More now than ever, you can find yourself consumed with worry and anxiety about what’s coming around the corner. I won’t go through the list of events and situations you might find being publicized (after all this is supposed to help your worry, not make it worse), but suffice to say, there’s a lot out there. Of course, “worry,” isn’t anything new. Many of us have experienced it for years, in good times and in bad. Sometimes there’s good reasons to worry (your car warning light is on) and sometimes there’s not. Either way, you can find “worry” taking over and negatively impacting your day-to-day life. If this is the case, there are things you can do about it. As you prepare to use these strategies, note that they work really well in combination.
1. Become aware it’s non-productive
One of the reasons people “worry” is because they’re trying to protect themselves from future negative outcomes by having correctly identified a way to avoid it or get through it unharmed. For example, say I find myself worrying about what might happen if my kids gets bullied at school. I might be envisioning that experience, what I would do to intervene, who I might talk to and even the resulting long-term impact it could have. Did you know that “worrying” doesn’t do a good job of helping you prepare or protect you from possible situations?
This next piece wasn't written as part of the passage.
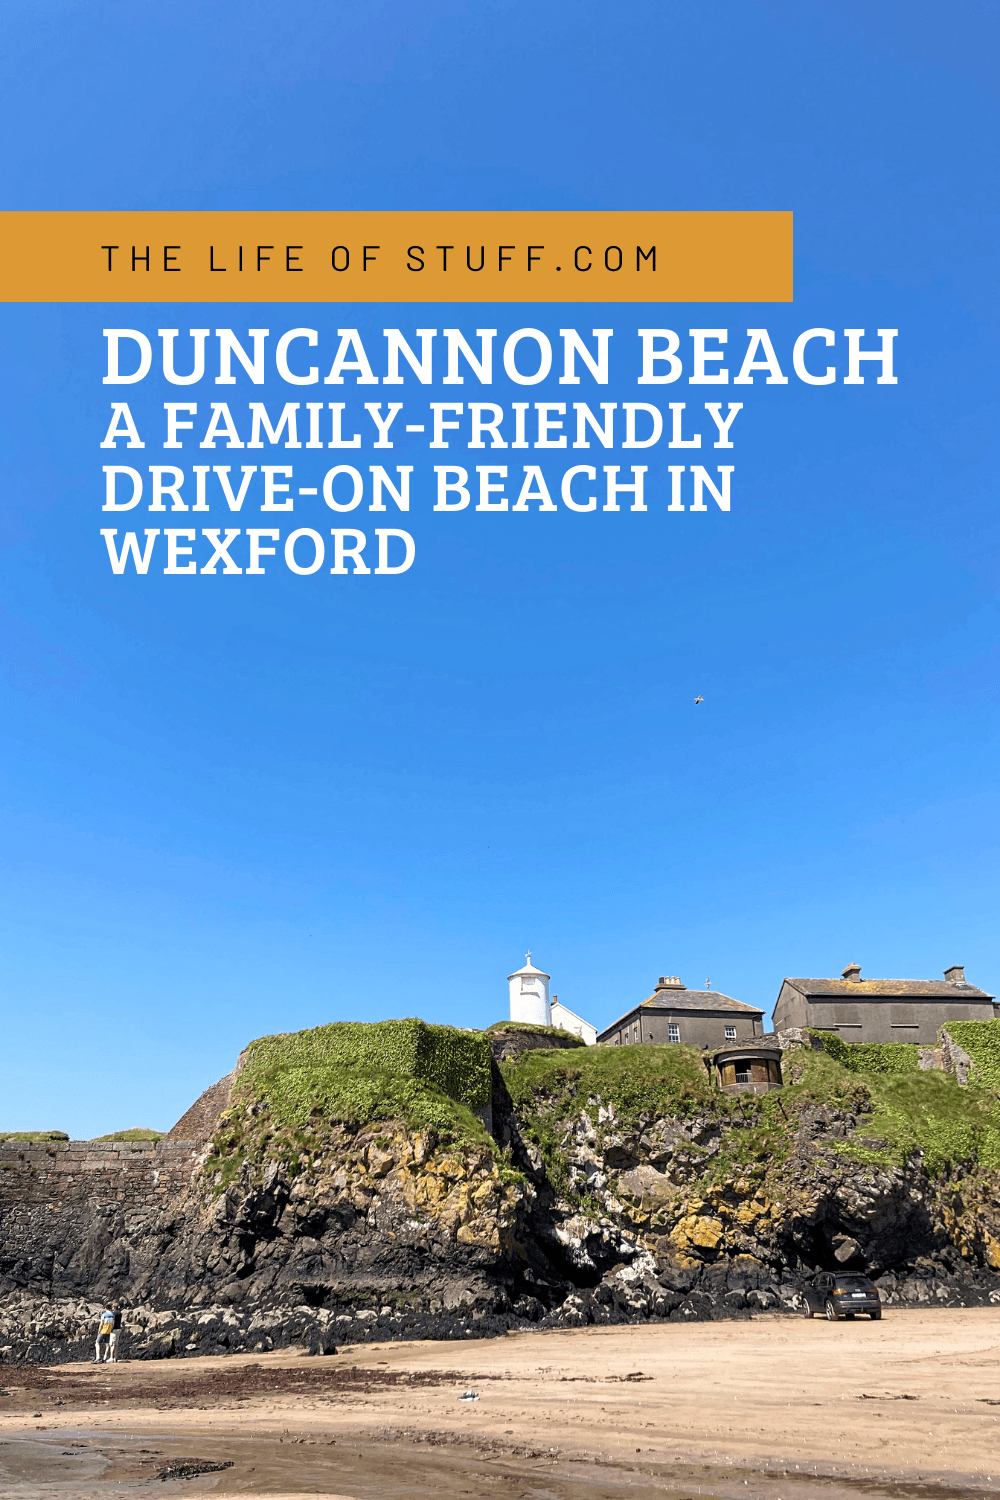 Duncannon Beach - Family-Friendly Drive On Beach, Wexford - The Life of Stuff

In a recent article titled “Why are worriers so bad at worrying?”Graham Davey, Ph.D. summarizes the research in this area to indicate that up to 90% of what worriers concern themselves with, never happens. So, when we find ourselves consumed, analyzing and rehashing every possible outcome we can remind ourselves that worrying isn’t actually going to benefit us.
2. Reality Test
When we find ourselves rolling through the many “what if” questions that pop to mind, we can “reality test” them. What is the likelihood X might occur? Well, there’s a lot of things that are possible, but unlikely. Is it possible I might get into a car accident on any given day? Sure, but if you take basic precautions, it’s unlikely. The reality is that most people rarely or never get into car accidents if they adhere to fundamental good driving habits. When you find a “what if…” coming to mind, use reality testing to guide your thinking.
3. Review what you can control and what you can’t
There are many things in our life that we can’t control. That might be a scary sentence to read, but it’s true. We largely know what can create a healthy and happy lifestyle, but things happen. If something happens to you, you can control how you respond. Trying to control something you fundamentally can’t, leads to many problems. There’s peace in identifying what you can and can’t control (think of the Serenity Prayer).
4. Give yourself permission to “put it down”
This technique involves acknowledging your worry or fear and allowing yourself to let it go. The visualization I sometimes recommend is like putting a book on a bookshelf in the room you’re in. You’ve recognized the worry for what it is, examined it, broken it down into what is realistic or unrealistic, what you can control or can’t control and now you allow yourself to set it down. You might use self-dialogue to tell yourself that any further examination isn’t needed (or helpful) and that you’re now letting it go (or putting it on the shelf). You can “put it down” and choose to focus on something else.
5. Review self-efficacy
It’s important to build your sense of confidence that come what may, you’ll be able to deal with it. Sure there are exceptions, but if you can’t directly fix it, solve it or make it go away…you can get help. Remind yourself of the past negative events, past situations that caught you off guard or unaware and how you were able to deal with it. Or maybe you imagined a possible situation to be much worse than it turned out to be. In the end, you did what you needed to do to get a positive (or even neutral) outcome. You got this!
6. Look at the big picture
Life isn’t always easy (spoiler alert) but there’s also lots of good experiences, events and outcomes. It’s not all bad. Again, we can’t control everything but even in the things that we can’t control, sometimes they work out OK (or better than we could have expected). Maybe you lose your job (or find yourself trapped in a toxic work environment) but it becomes the push you need to try something totally different; leading you to great success. Don’t let yourself become Eeyore.
7. Slow your body/mind through physical interventions
When we worry, it’s very likely our body goes into “fight or flight” mode. This means our bodies tense up, our adrenaline gets a boost, digestion and blood flow respond correspondingly. This isn’t bad if a bear appears on the path ahead, but if it’s raining and we begin to worry about the health of our roof, it’s not helpful. It’s at this point we need to intentionally slow our breathing, relax our muscles and focus our attention on something else. We actually think better when we’re more relaxed.
8. Try Cognitive Behavioral Therapy (CBT)
Depending on the severity of your worry, you might find Cognitive Behavioral Therapy (an evidence based practice) to be of great assistance. It helps us recognize negative patterns of thinking and teaches us to create new, healthy patterns. Maybe past experiences that we’ve never examined are driving the fear/worry and we might need professional intervention. Working with someone skilled in this area can produce significant improvement.